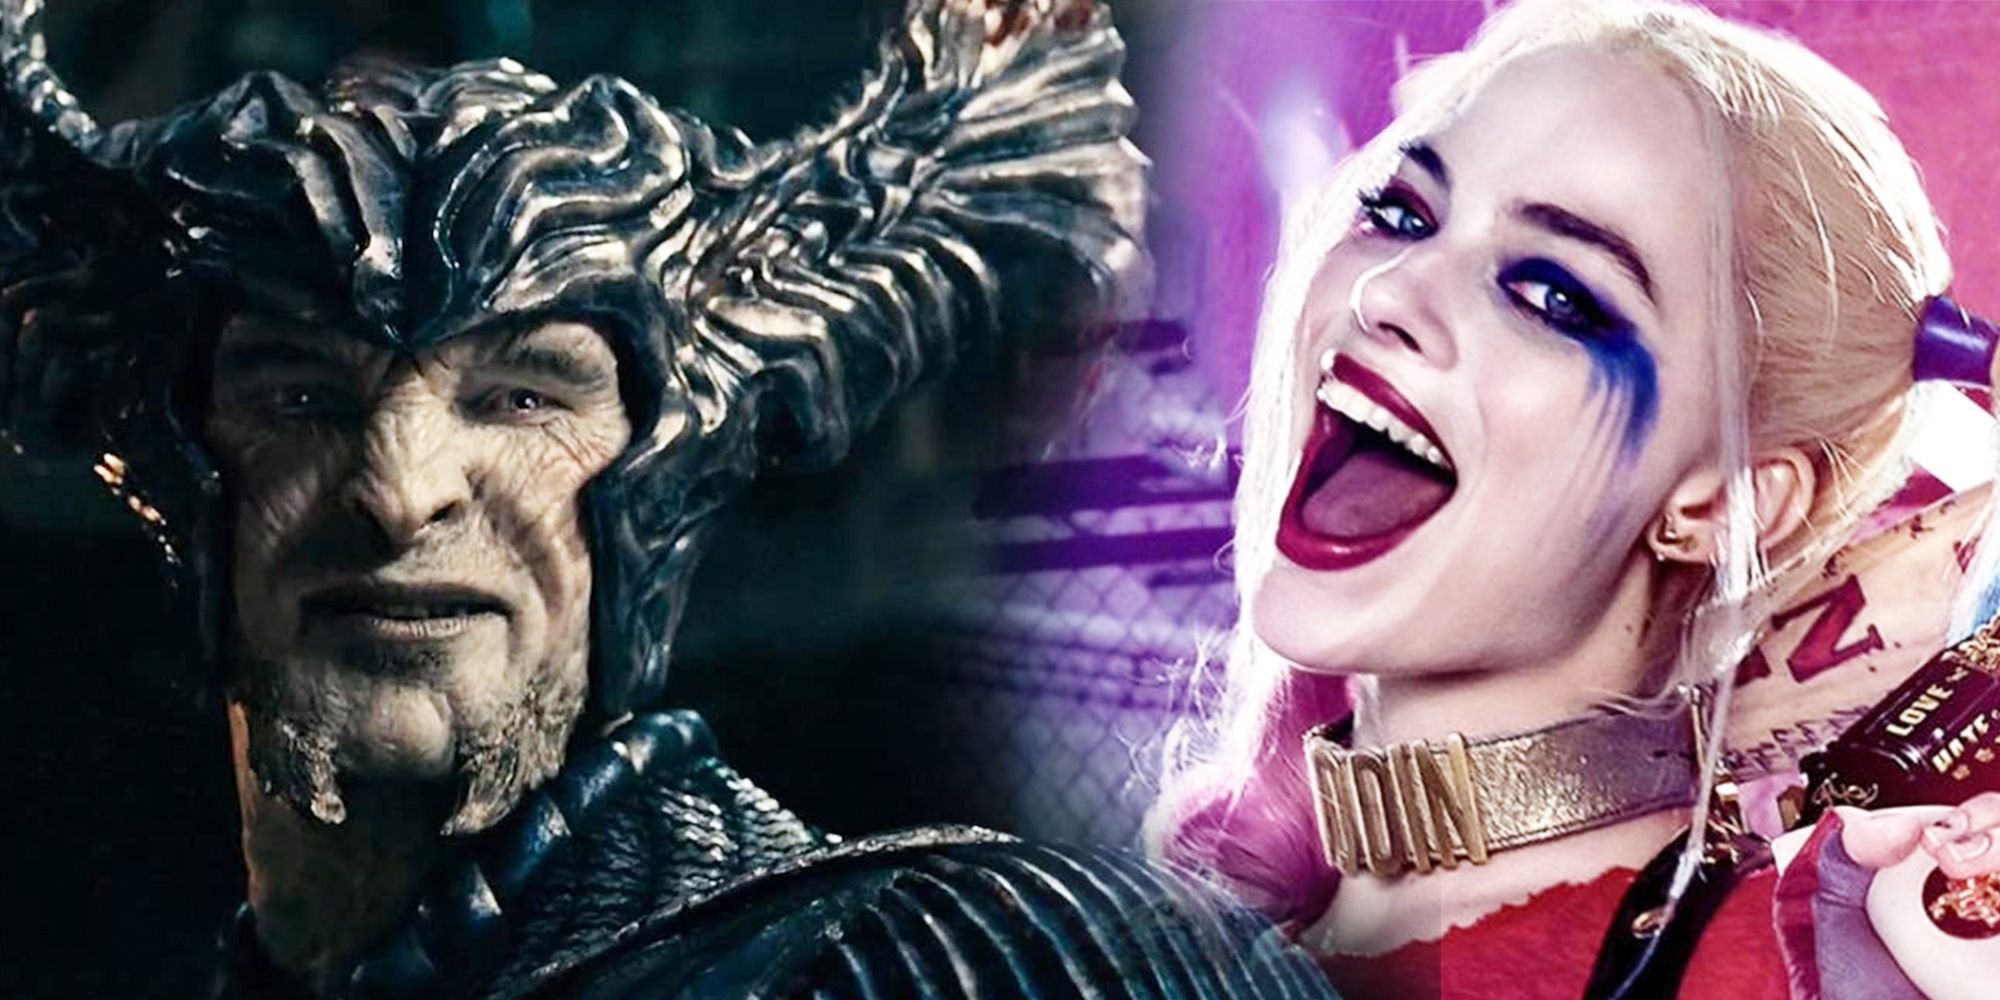 Steppenwolf from Justice League alongside Margot Robbie as Harley Quinn in Suicide Squad
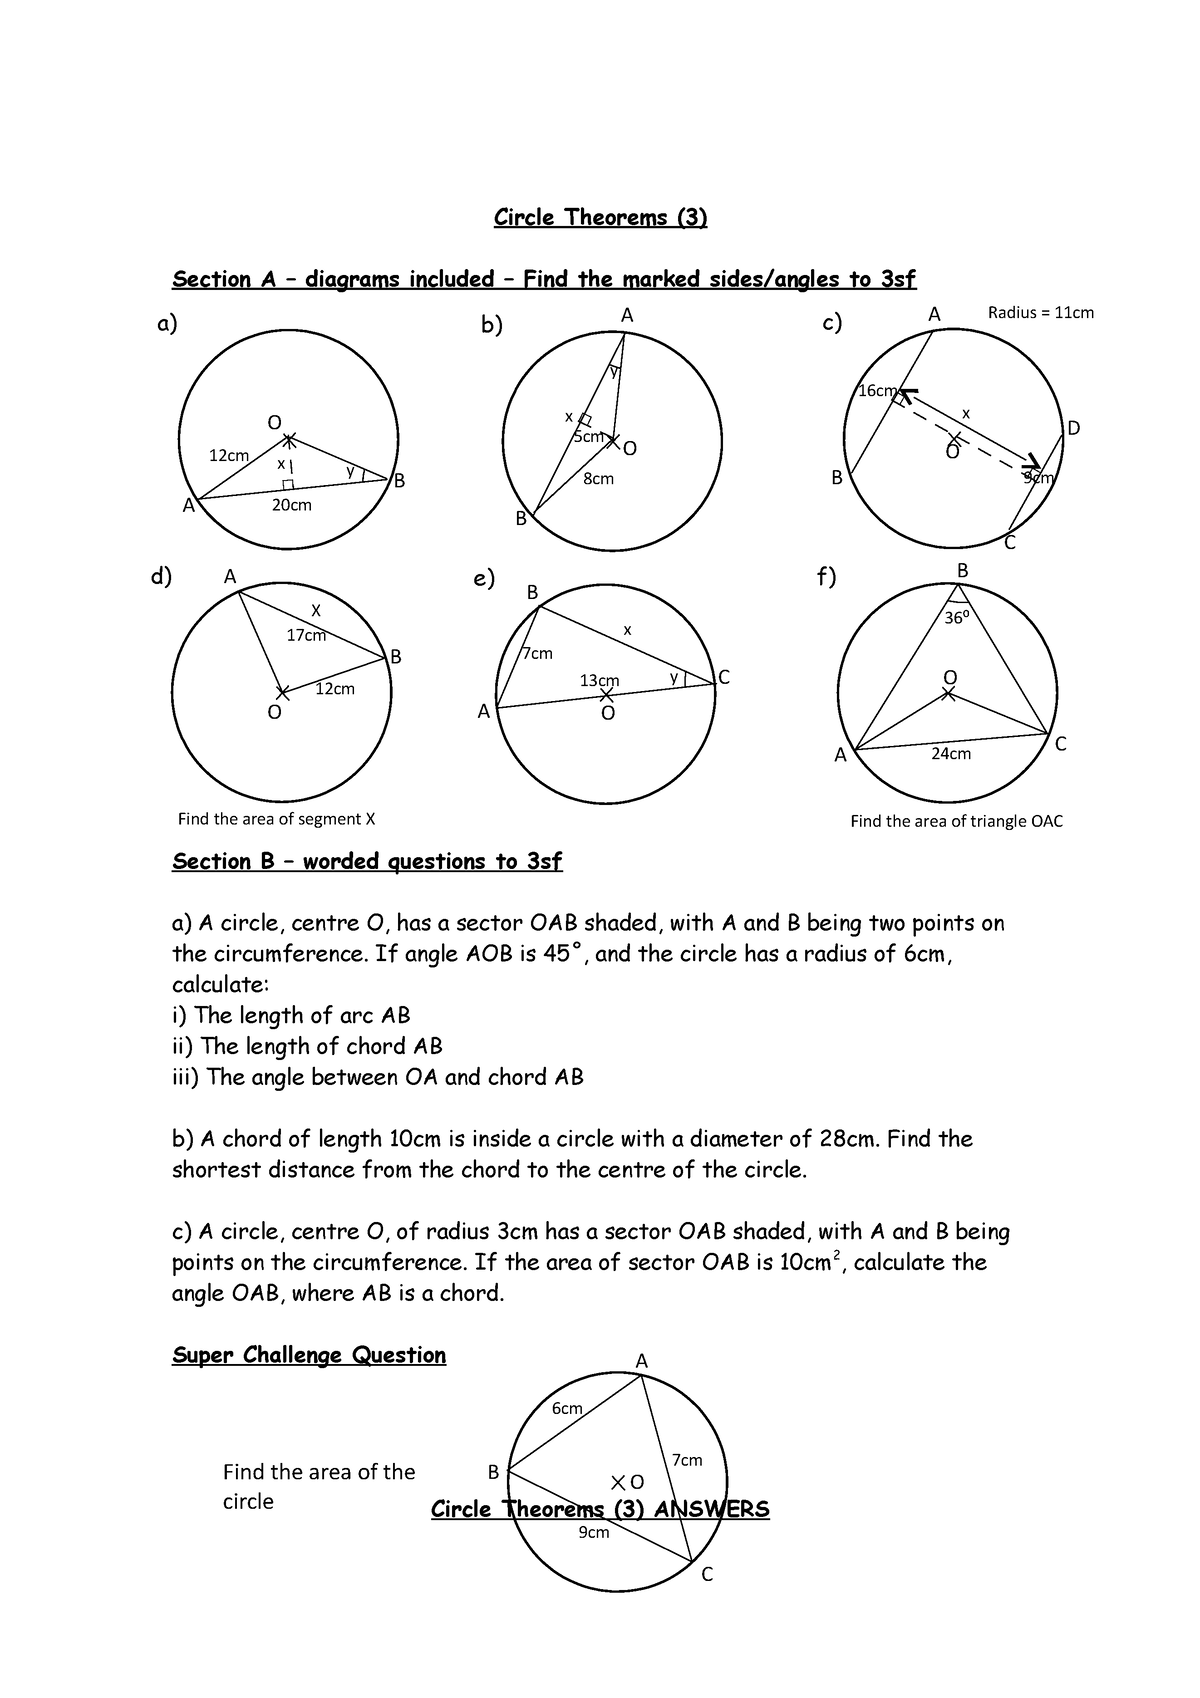 Circle Theorems Materials You Could Use For The Classroom A B C D E O A B 6cm 7cm 9cm Find Studocu
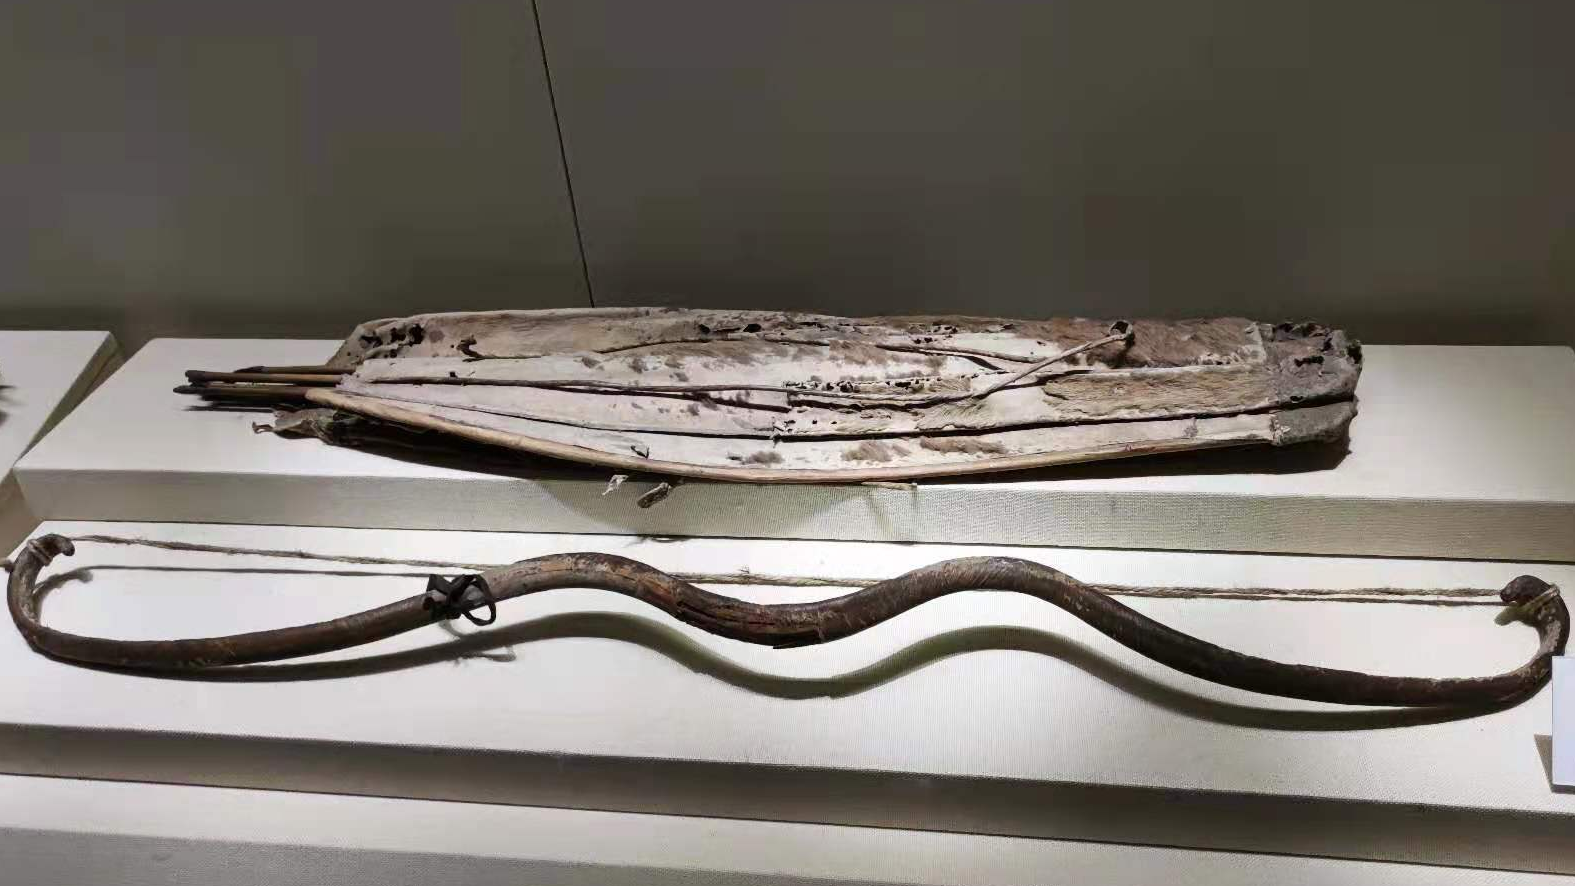 A 2,800-year-old Scythian-style bow and quiver, unearthed from Subeixi cemetery in Shanshan County. Xinjiang Uygur Autonomous Region Museum in Urumqi, China.png

------------------------------------------------------------

Problem statement:
For this exercise, return the material word for word and drop each image.

Response below:
 Steppenwolf from Justice League alongside Margot Robbie as Harley Quinn in Suicide Squad
 Circle Theorems Materials You Could Use For The Classroom A B C D E O A B 6cm 7cm 9cm Find Studocu
 A 2,800-year-old Scythian-style bow and quiver, unearthed from Subeixi cemetery in Shanshan County. Xinjiang Uygur Autonomous Region Museum in Urumqi, China.png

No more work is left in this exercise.